Isn't this adorable. I think it is crocheted.

Here is the pattern on ravelry.

http://www.ravelry.com/patterns/library/sunshine-27


----------



## maureenb

wish it were knit,love it!


----------



## sandj

maureenb said:


> wish it were knit,love it!


Me too!


----------



## crispie

LOL What fun!


----------



## diamondbelle

Someone with better skills than I have might be able to convert it to knit, bobbles and all.


----------



## bevvyreay

Crochet isn't my thing but that is really lovely. Add me to the wish it was knitted list


----------



## Knitry

Oh, how fun, beautiful and creative. Thanks for sharing that.


----------



## Viwstitcher

So cute&#128512;


----------



## purdeygirl

Fabulous !!! Thanks for posting , I've put it in my library .


----------



## Gail DSouza

That is lovely!!!


----------



## luree

Very nice .


----------



## grandday

Awesome work.


----------



## AuntieAngel

Adorable


----------



## run4fittness

Wow, what a fantastic afghan. :thumbup:


----------



## gr8knitwit2

I love this!! The colours are beautiful, great work! It reminds me of when I used to sing "You Are My Sunshine" to my daughter when she was a baby.


----------



## Roses and cats

Sweet little blanket.


----------



## nonak

I would love to do this for my granddaughters - I used to sing the song to her mom -and her mom now sings it to her two daughters.

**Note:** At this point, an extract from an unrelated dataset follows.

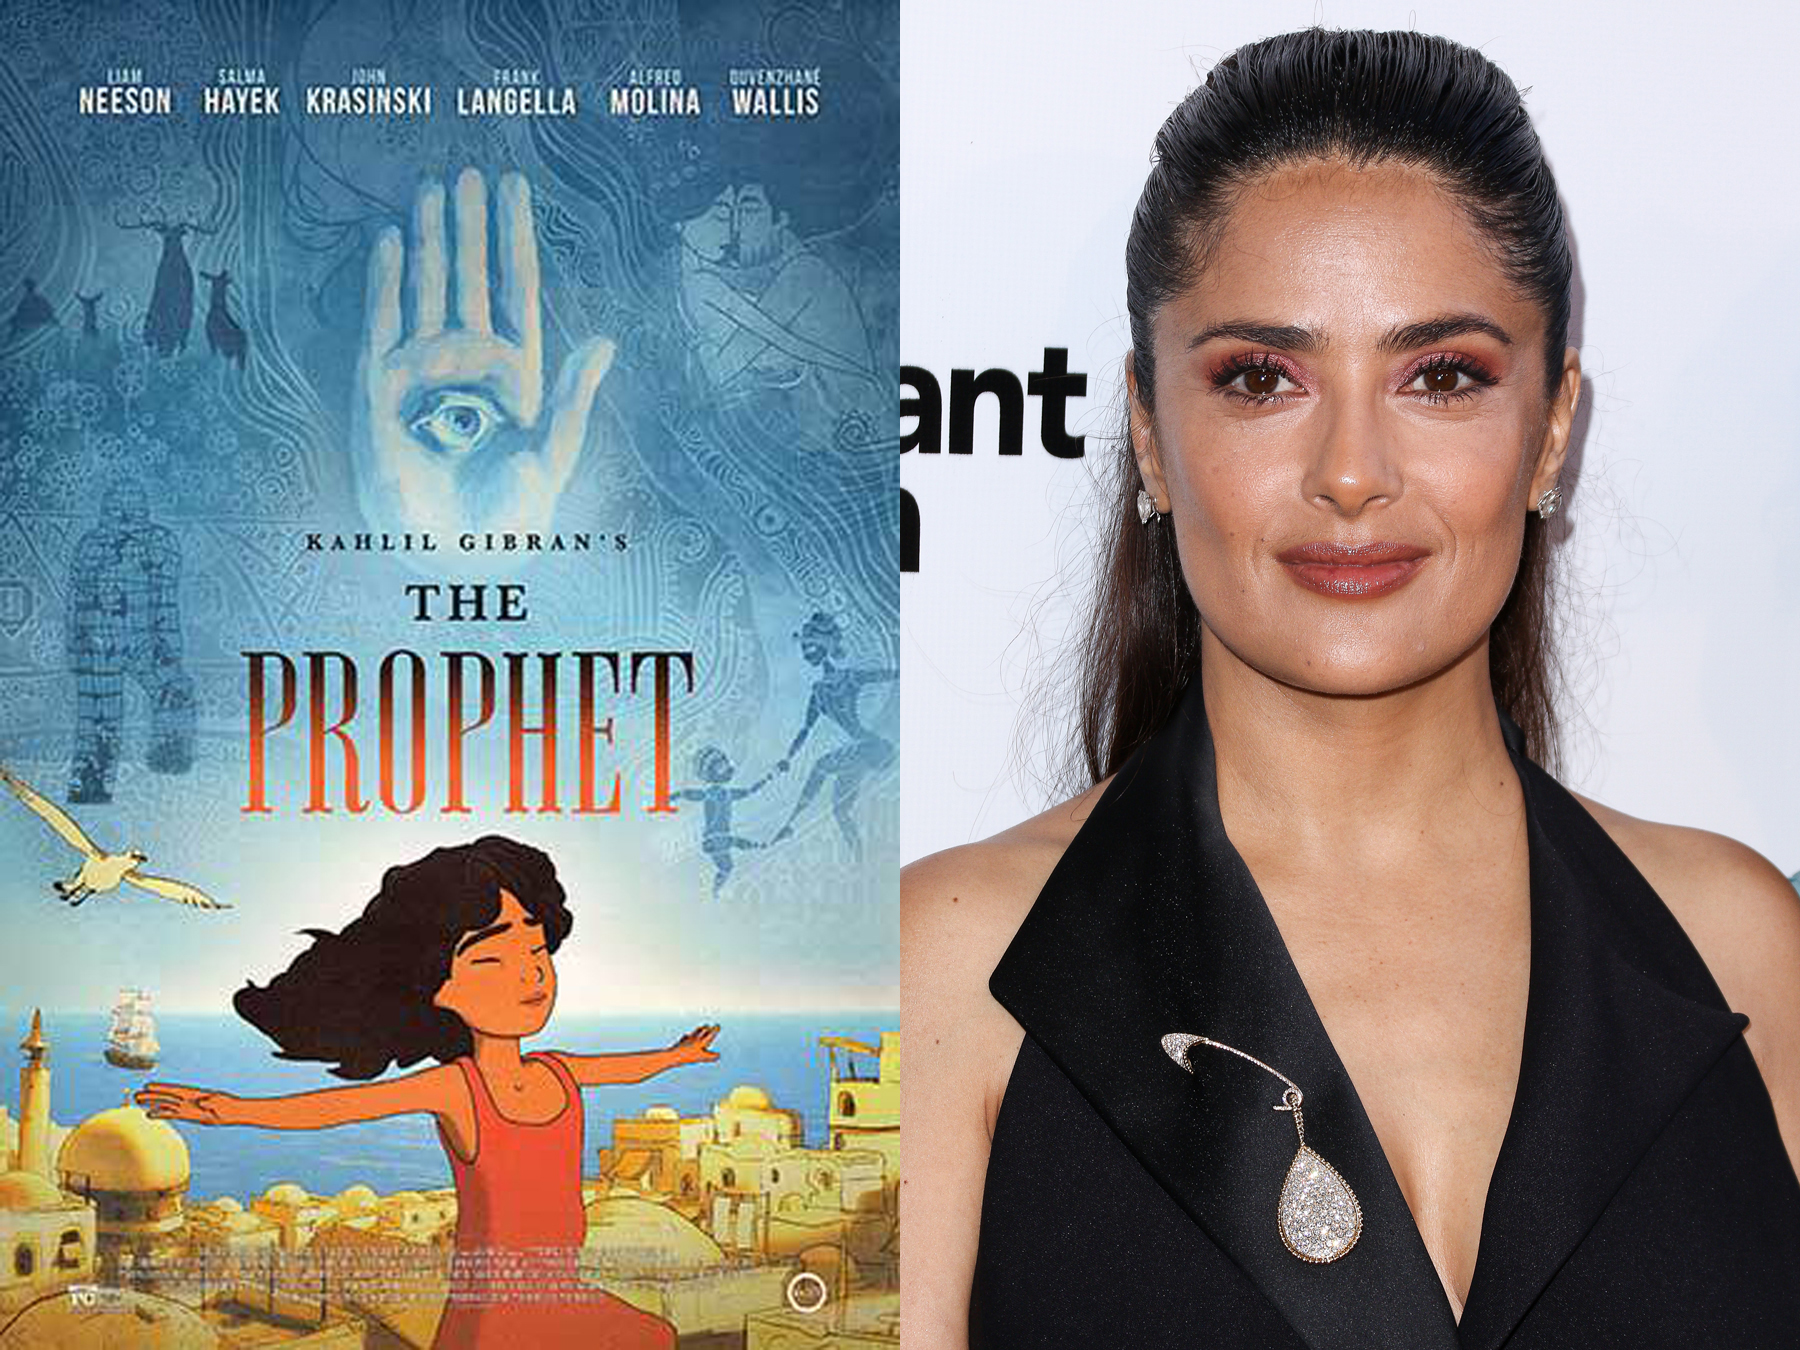 Salma Hayek Pinault attends the LA Special Screening of "Kahlil Gibran's The Prophet" held at LACMA's Bing Theatre on July 29, 2015, in Los Angeles. (John Salangsang—Invision/AP)

If anyone takes a crack at converting this to knit it would be GREAT.


----------



## supreetb

Lovely !


----------



## sharkkatte

Might you know where I could get this pattern and is it for the colorful You are my sunshine...I love it !!!


----------



## l0retta

I really would like to order you are my sunshine blanket with the bright pink and yellow colors


----------



## grannybear0209

hi there! i'm new to Ravelry. i've been lookimg and looking at that gorgeous "You Are My Sunshine afghan. i wish I could crochet! i'm a dedicated Southpaw who taught myself to knit, and I don't alwways knit like everyone else. PLEASE, PLEASE, PLEASE won't someone convert this pattern to KNIT???


----------



## Nanamel14

maureenb said:


> wish it were knit,love it!


Same


----------